Moreland replied: “People seem to forget we’ve had some unbelievable races, like COTA, Marquez vs Bagnaia at Jerez, even Le Mans was great. F1 fans would be crying out for that!

“If I think back to 2003, the top five in the championship were all on Hondas and you could guarantee it would be Rossi, Biaggi and Gibernau at the front every weekend.

“We can’t have a perfect race every time, sport just doesn’t work like that. Pete, what's your take on it?”

“I think that’s it, you get 0-0 draws between the best teams in football sometimes,” replied Crash.net MotoGP editor Pete McLaren.

“Austria is the track with the most full throttle and, as Lewis said, there’s less impact a rider can make in those circumstances. At one stage in the race it was three Ducatis at the front, then two KTMs, then two Aprilias. I don’t think that was a coincidence.

“I think Bastianini was also a good illustration. We were expecting he’d be much stronger at the end of the race, but he wasn’t. He explained that was down to all the slow corners and hard acceleration where 'you spin like the others and can't do nothing'. Bastianini makes the difference by saving the rear tyre in long corners.

“MotoGP has recognised that something needs to be done [to put more control in the hands of the riders] and the rules will change to remove ride height devices and limit the aero in 2027. That’s still a few years away but I don’t think you can sum up a whole season by one race.”

“It’s almost like the races now are a bit ‘back to front’,” McLaren added. “We often get hard battles for the lead at the start and then the end of the races are quiet.

“If the early passes between Bagnaia and Martin in Austria, both races, had been near the finish we’d have said it was a great battle. But that’s part of the tactics now, to attack early and get out front to reduce the tyre pressure.

“Maybe that’s also something Martin will need to look at in future, to be stronger early on. Because speed-wise there wasn’t a lot between him and Pecco, but Pecco knows when to be fast and that's making the difference.”

“People like to kind of go on about the good old days, but there's always a very kind of rose-tinted glasses way of looking at things,” Duncan added. “People talk about Barcelona 2009, but there hadn’t been a last-corner overtake for years before that.  
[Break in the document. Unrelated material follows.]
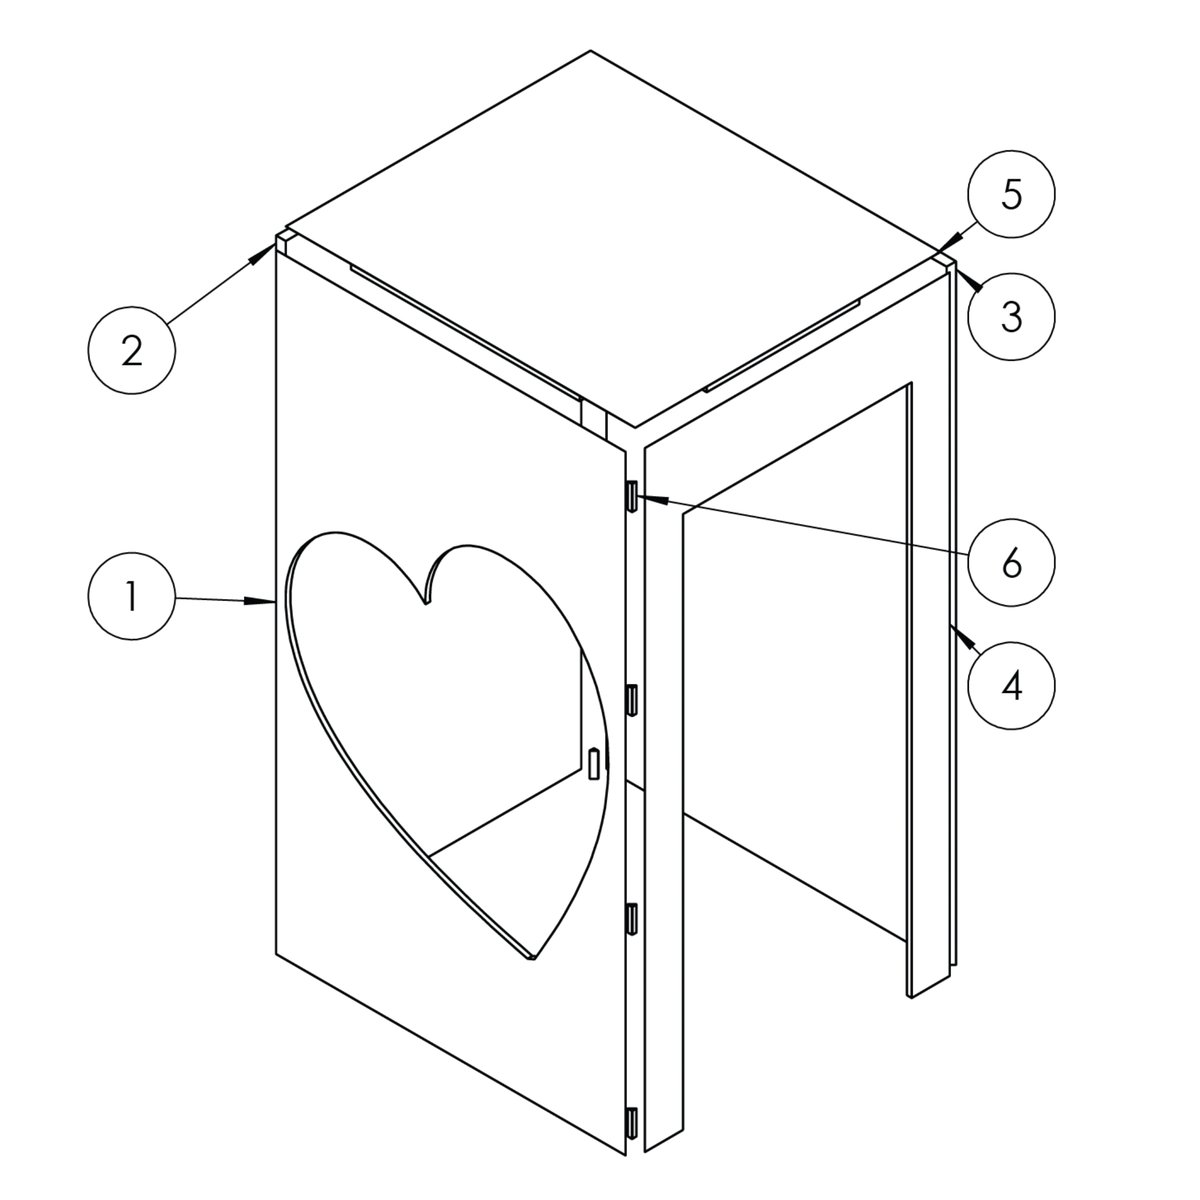 Barilla Stepping into Love Box - Tech Drawing

“History warps your perspective because you only remember the good bits. Nobody remembers the rubbish races and in 5-10 years’ time we'll look back on this season and remember Jerez and all the good grands prix.

“That's just how your brain works. It's not really any better or worse than at any other point in history. A lot of different winners also doesn't necessarily mean exciting racing.”